Start of RECORDS SUPPLIED

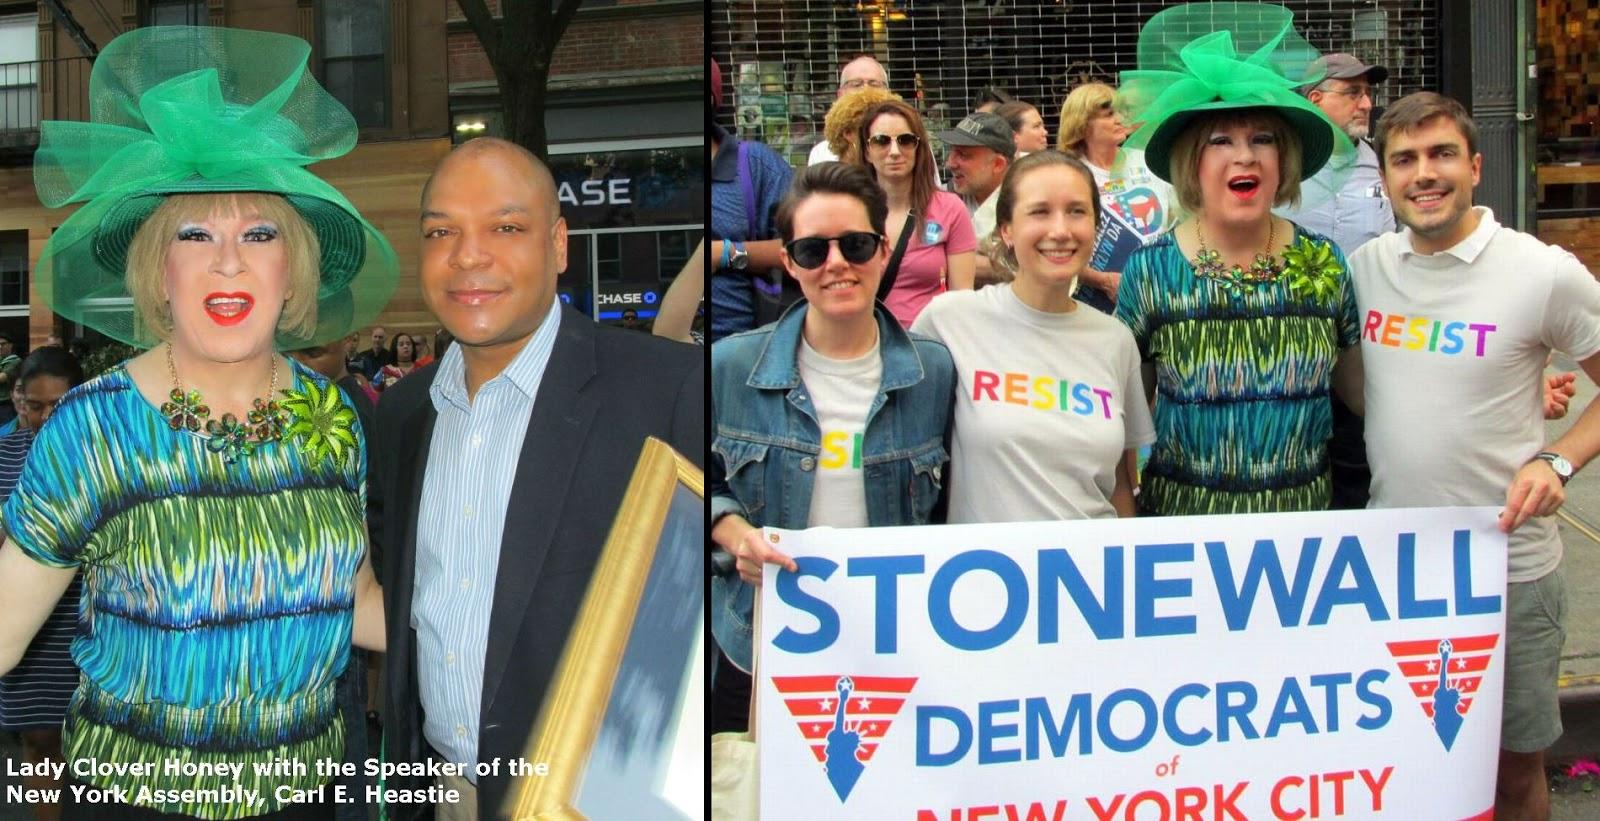 How Sweet It Is! Lady Clover Honey's Blog: Brooklyn LGBT
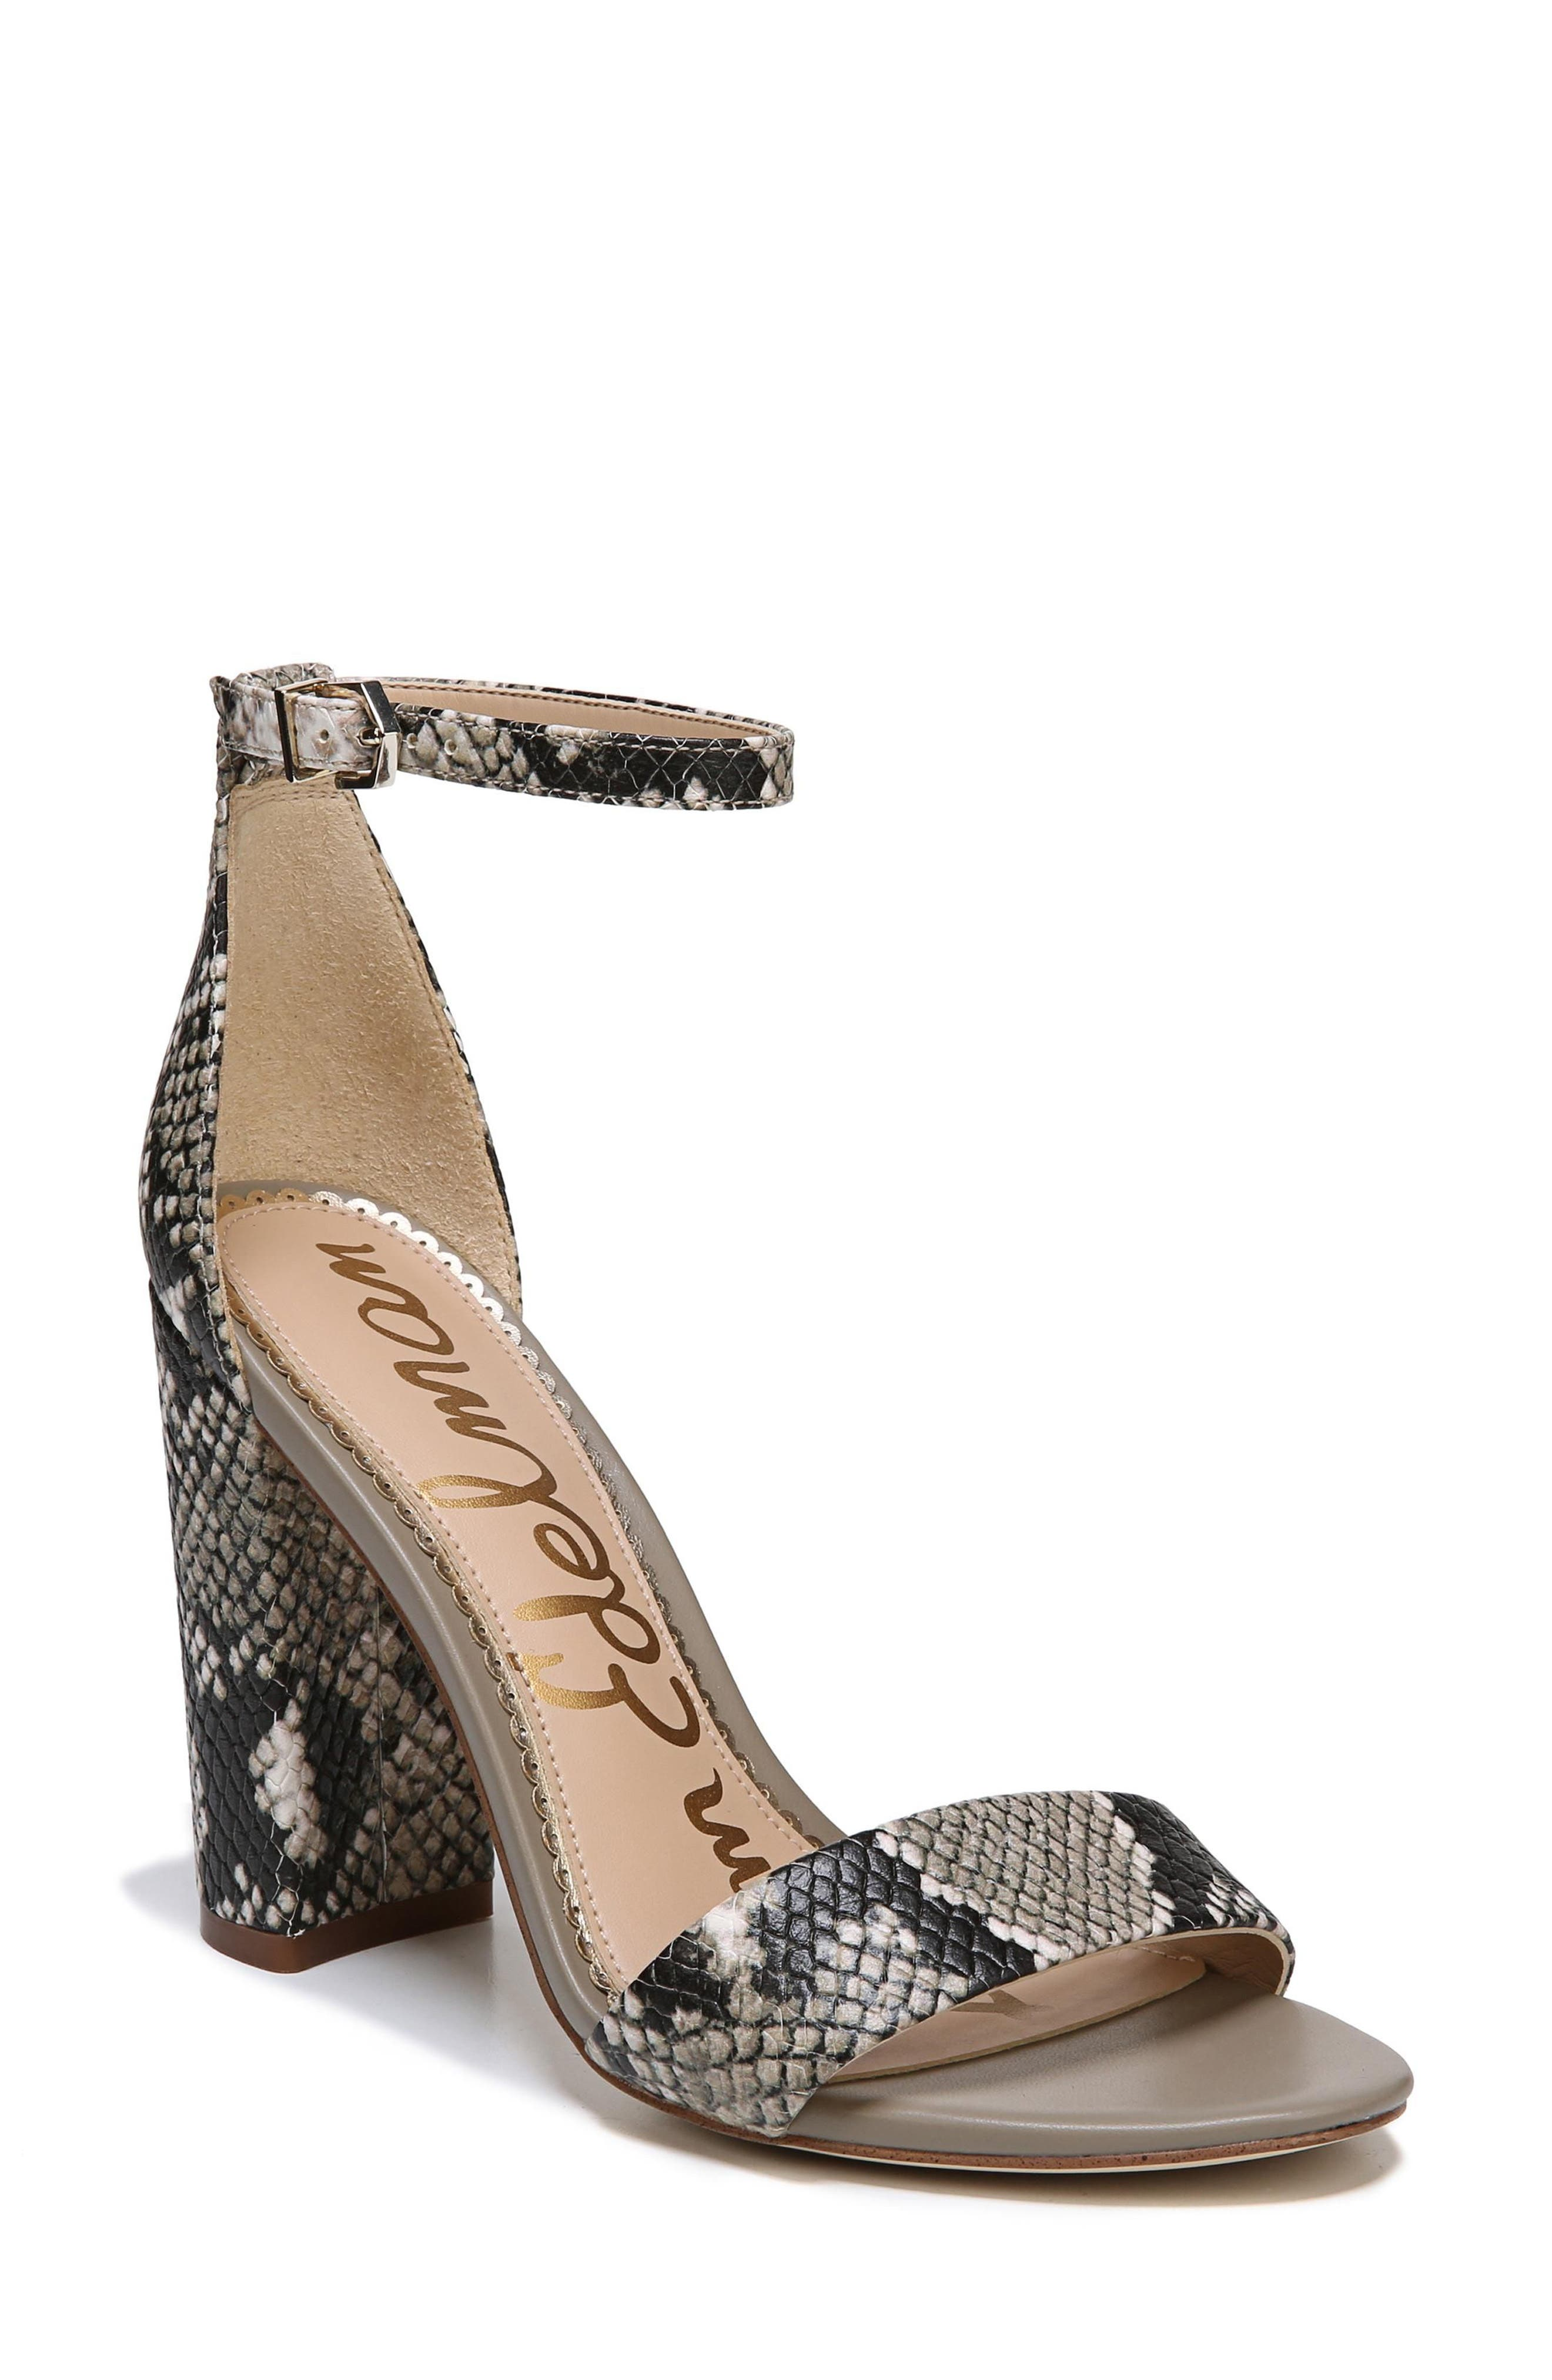 Yaro Ankle Strap Sandal,                         Main,                         color, Natural Snake Print Leather
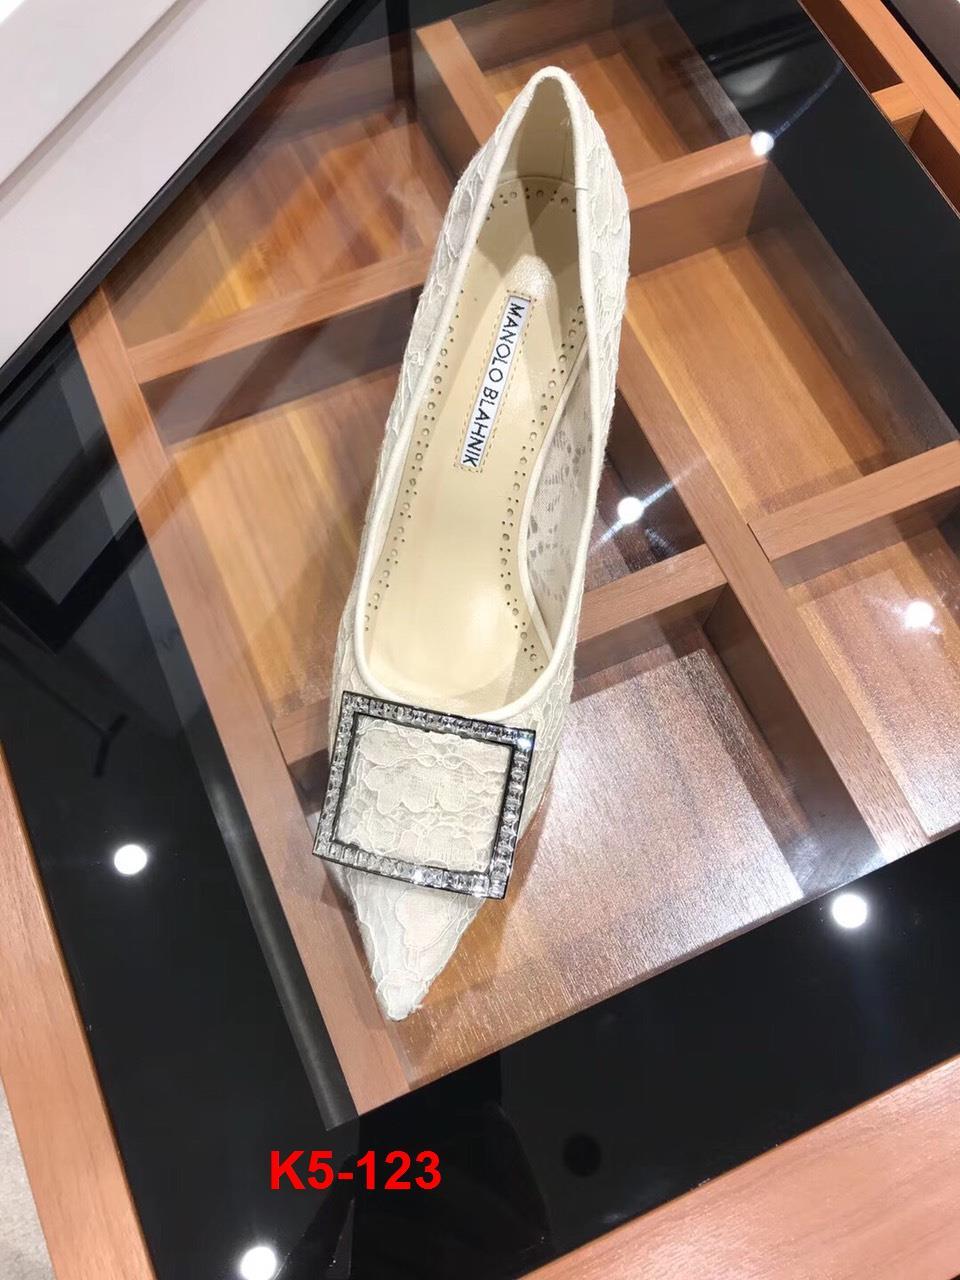 K5-123 Manolo Blahnik giày cao 7cm siêu cấp
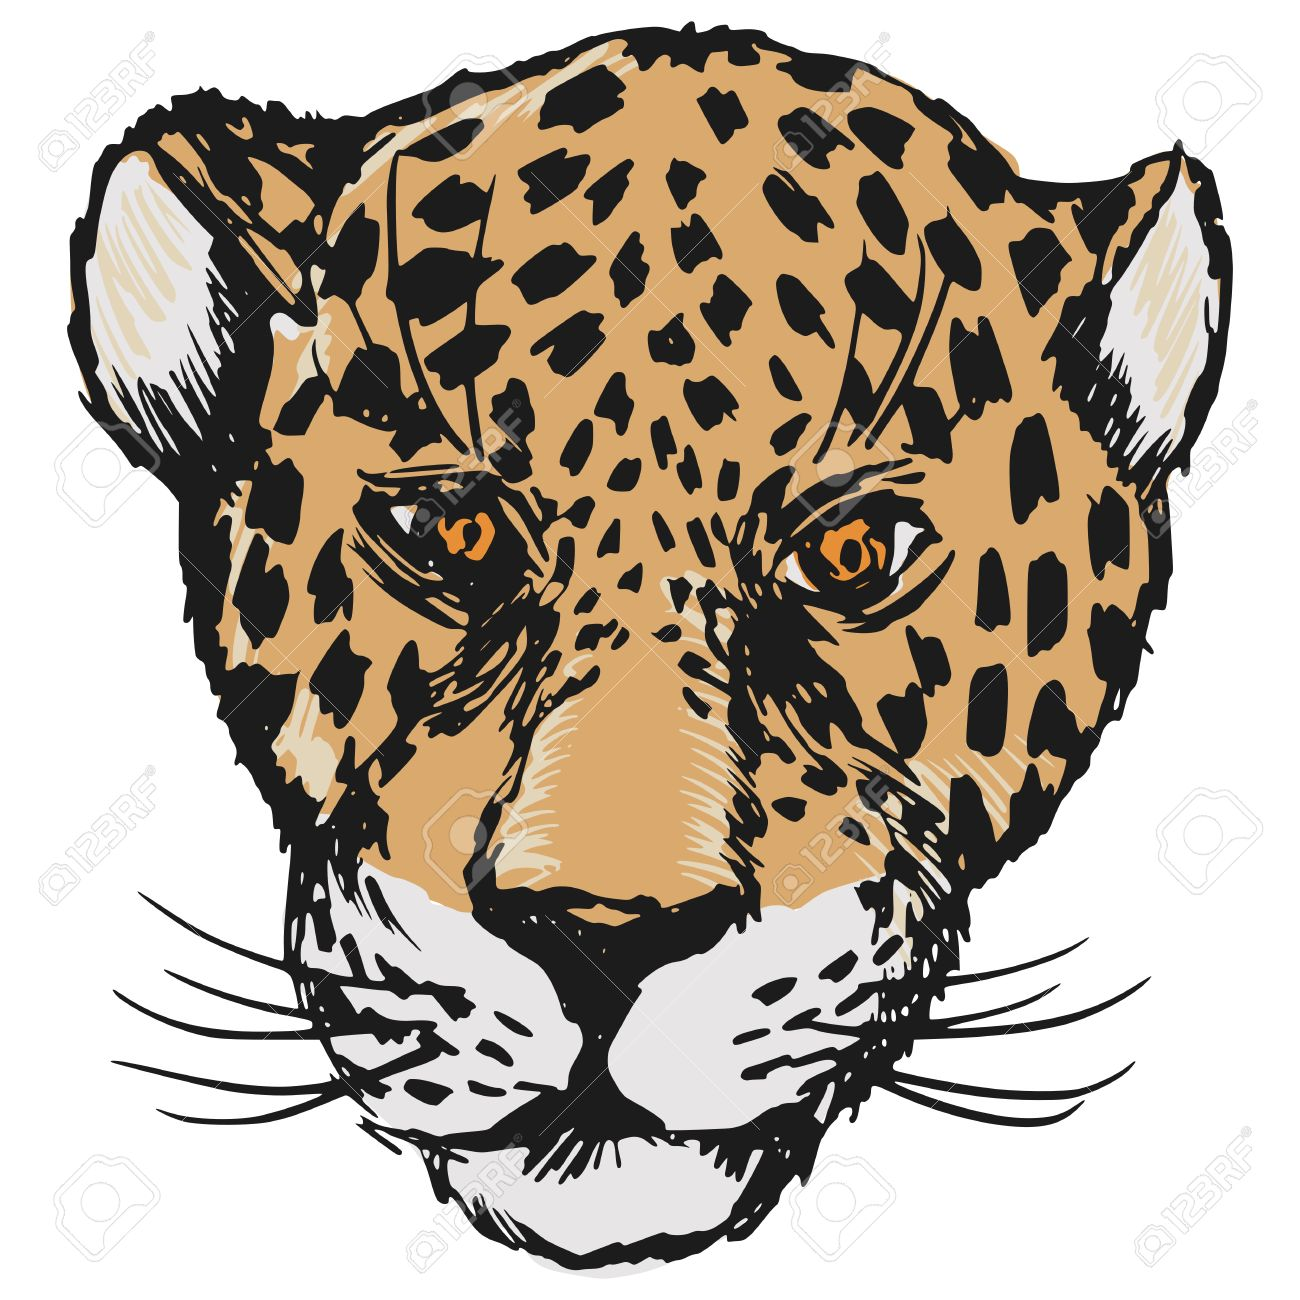 Hand Drawn Sketch Cartoon Illustration Of Jaguar Royalty Free
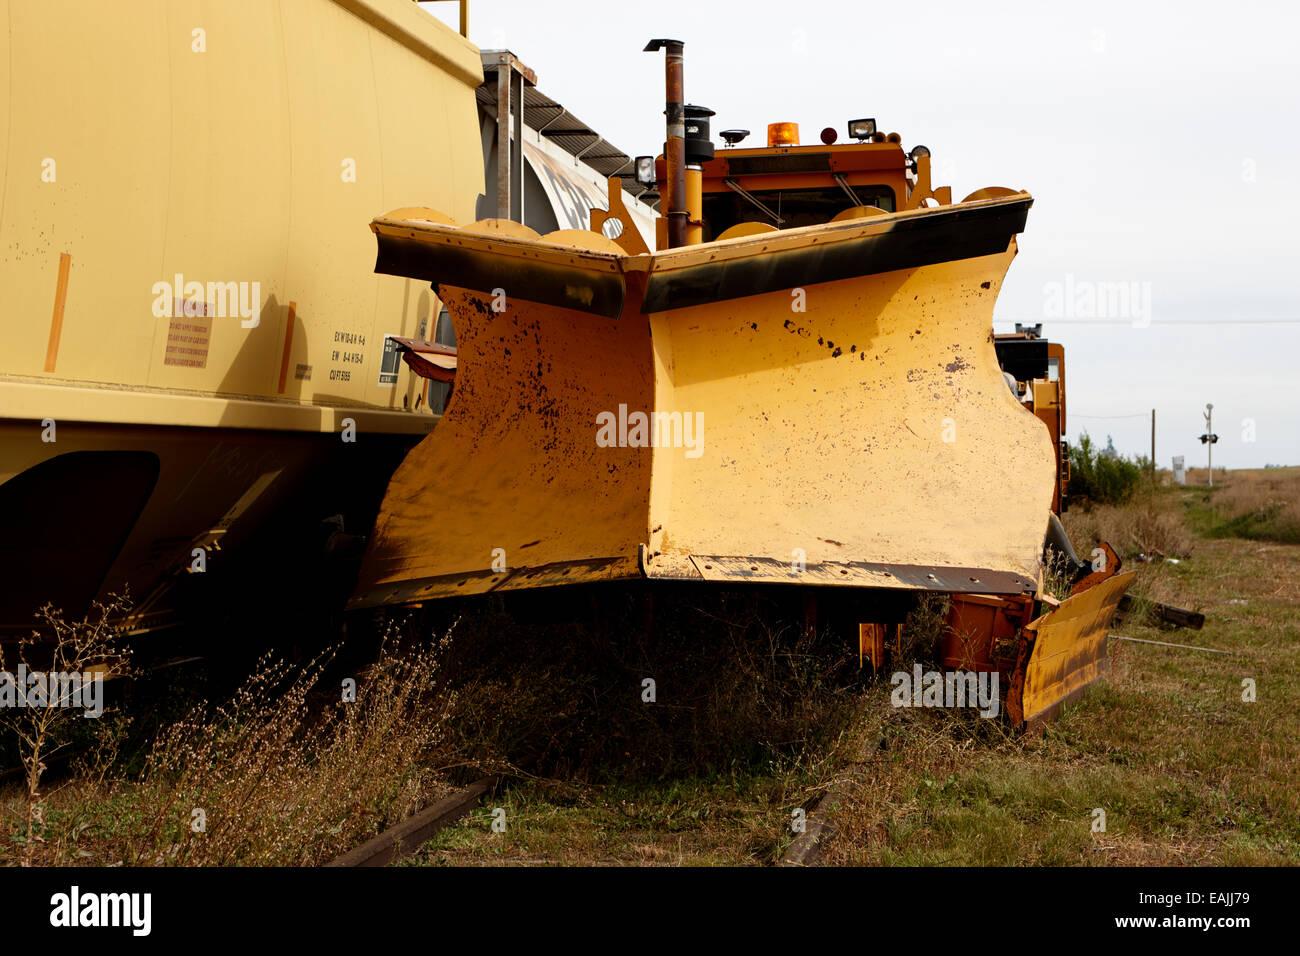 snowplow on kershaw ballast compactor regulator snow fighter leader Saskatchewan Canada - Stock Image

End of RECORDS SUPPLIED

→ TO DO: Using the listing above, write out exactly the lines from the one that holds "Yaro Ankle Strap" through the last line, both included, and omit pictures.

→ SOLUTION TO THE EXERCISE:
 Yaro Ankle Strap Sandal,                         Main,                         color, Natural Snake Print Leather
 K5-123 Manolo Blahnik giày cao 7cm siêu cấp
 Hand Drawn Sketch Cartoon Illustration Of Jaguar Royalty Free
 snowplow on kershaw ballast compactor regulator snow fighter leader Saskatchewan Canada - Stock Image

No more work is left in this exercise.